In other chapters, Thompson's correspondents share their thoughts
and experiences on topics as diverse as prison tattoos, pets, women
prisoners, jailhouse humor and the odd, "co-dependent"
romances that blossom so easily between inmates and outsiders. In
one section we are shown why the nature-centered Wiccan religion
has such a strong appeal in the thoroughly de-natured' prison
environment; in another, we are challenged to consider the mentally
ill, people for whom incarceration serves as society's most convenient
alternative to treatment.
Does cramming our lawbreakers together in a honeycomb of cells do
us any good in the long term? Without pretending to offer a better
solution, Thompson is skeptical, referring to a cycle of imprisonment
and premature release. Elsewhere he wonders how removing people
from their natural environment is supposed to help them cope better
when they are returned to it. "After about five years,"
writes one con, "imprisonment stops being punishment and becomes
mere abuse- nothing but an alternative lifestyle that we have
adjusted to which no longer has any connection with the crimes
committed by those who actually did it."
Although some of these men and women have performed acts of horrific
violence, they are usually forthright about their guilt. One lifer
writes, "my crime lacks any sort of philosophical underpinning
and was wholly inexcusable." Of this prisoner Thompson says,
he "knows the truth of his past and doesn't avoid it. But that
doesn't stop him from growing beyond his past."
Despite a shell of skepticism, Thompson finds himself making deep,
human connections with his correspondents. When he doesn't hear
back from them, he worries. Felons, he explains, "are easily
distracted." They can also get "beaten up, transferred,
stabbed, thrown in the hole, sick, despondent or just fucked up.
All this creates stress and anxiety for a writer like myself who
depends on prisoners for his inspiration, like a little pig suckling
at the big institutional teat of the penitentiary."

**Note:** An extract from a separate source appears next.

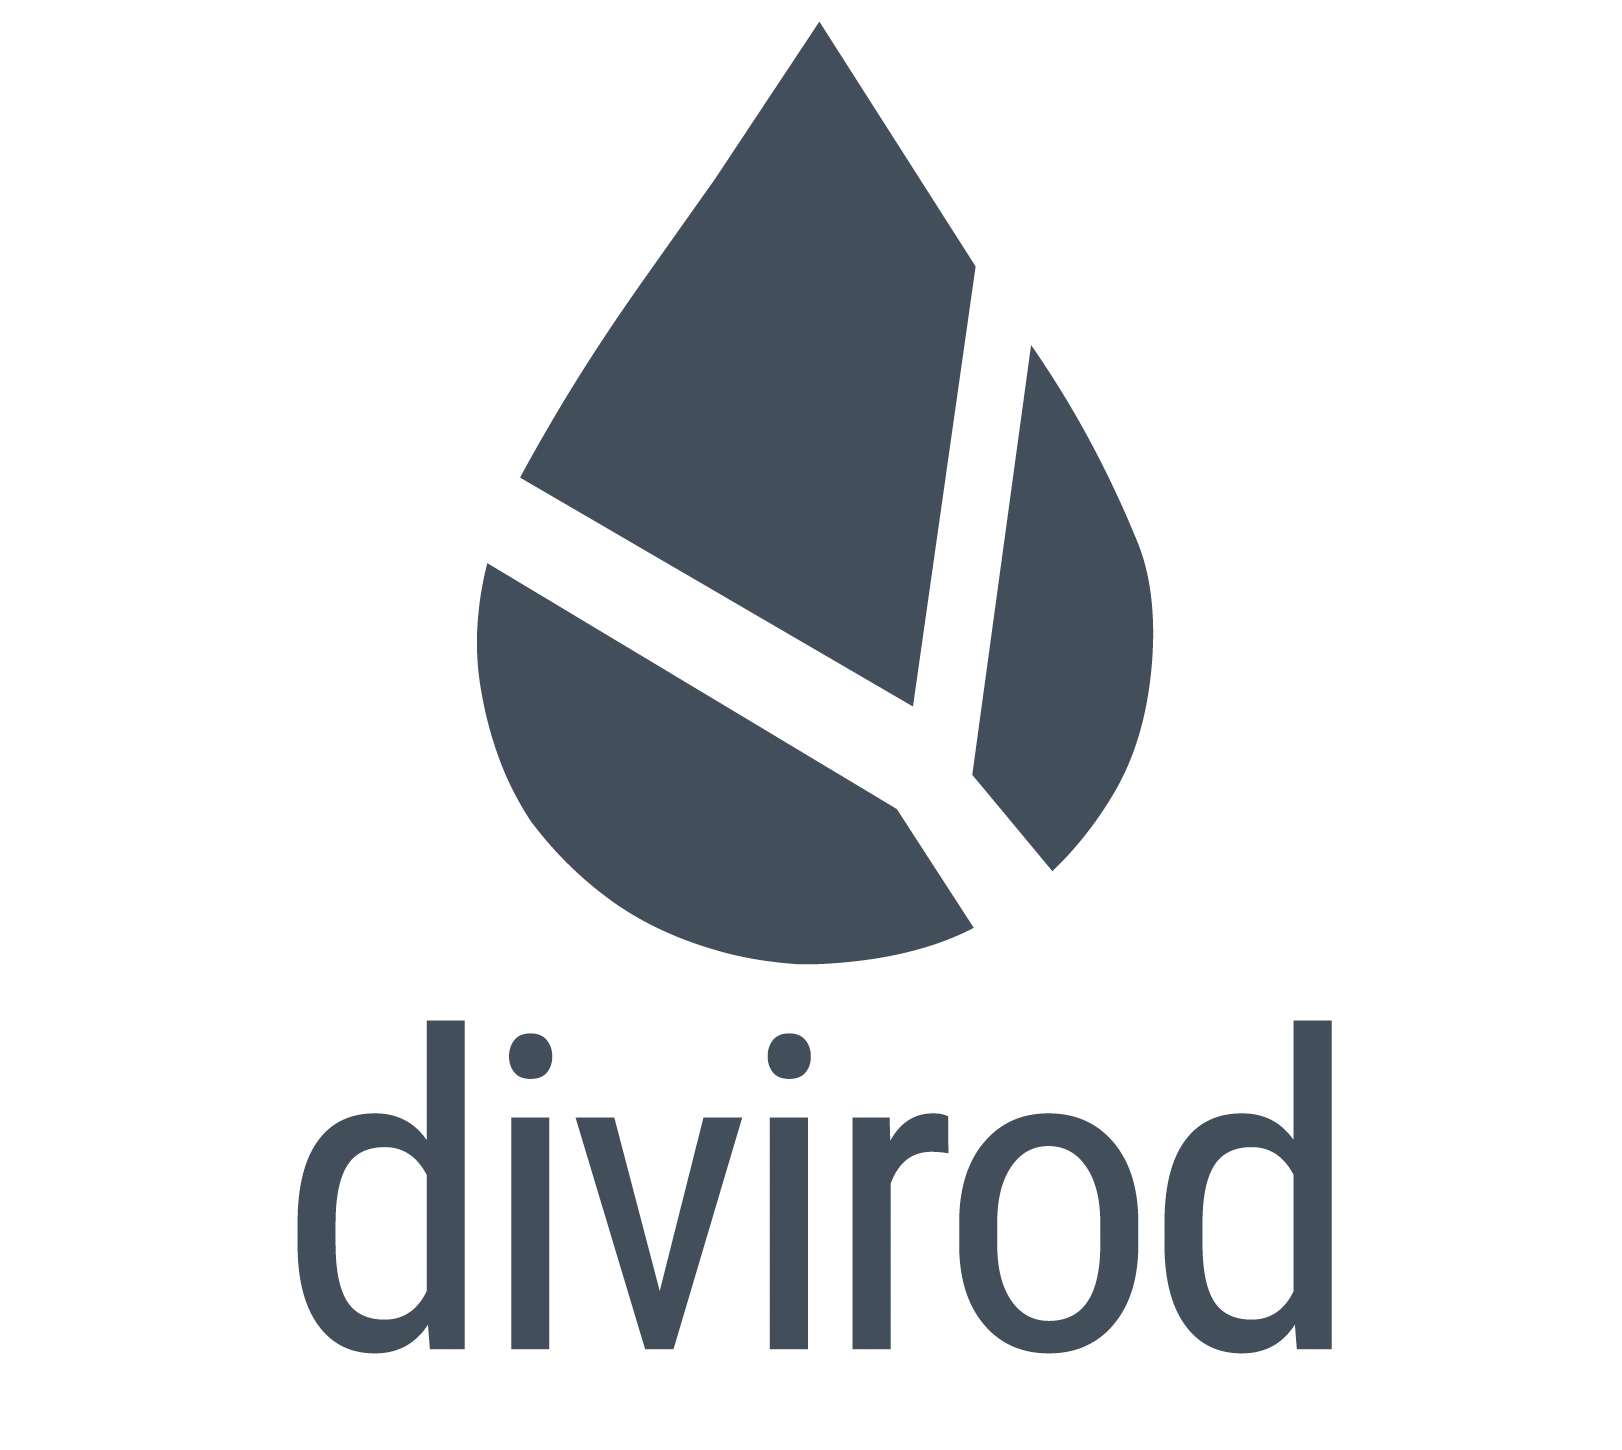 divirod Inc.
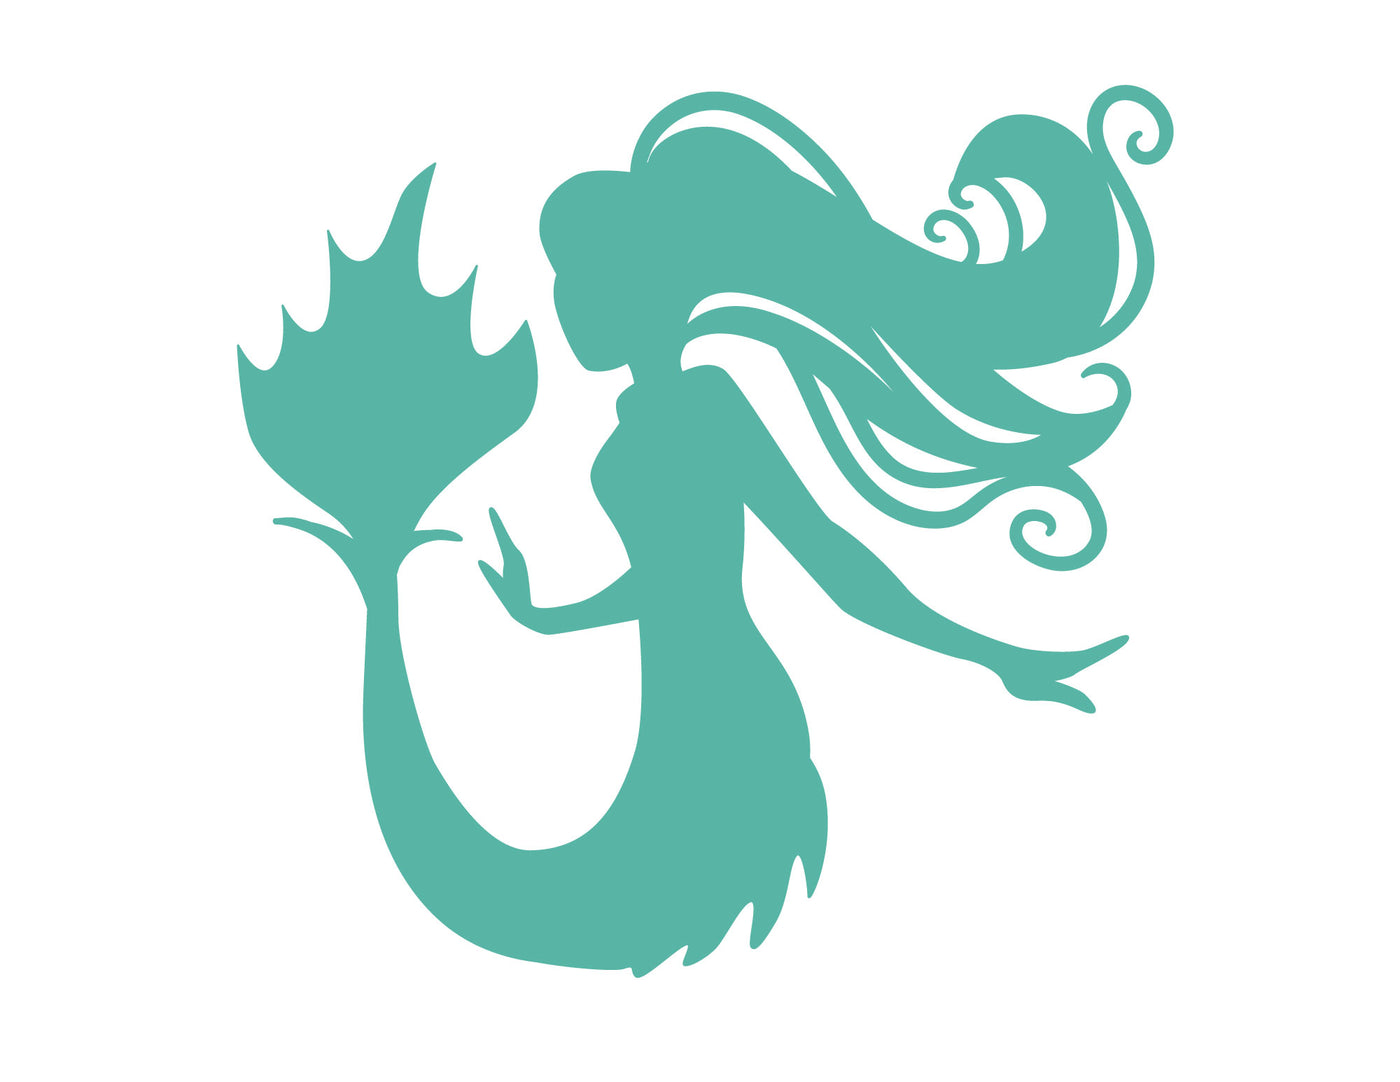 SVG Mermaid 2 cut file for Cricut, Silhouette, PNG, JPG

This self-criticism goes too far. Though he occasionally stumbles
over his own self-consciousness, Thompson gives as good as he gets.
His observations, reflections and commentary are precise, pungent
and entertaining. Taken as a whole, Letters from Prison presents a
gritty, well-rounded picture of what prison life feels like at the
dawn of the 21st Century. Honest and funny, tough and yet sometimes
astonishingly gentle, the self-portraits sketched here first satisfy,
then shame, one's innate voyeuristic impulses.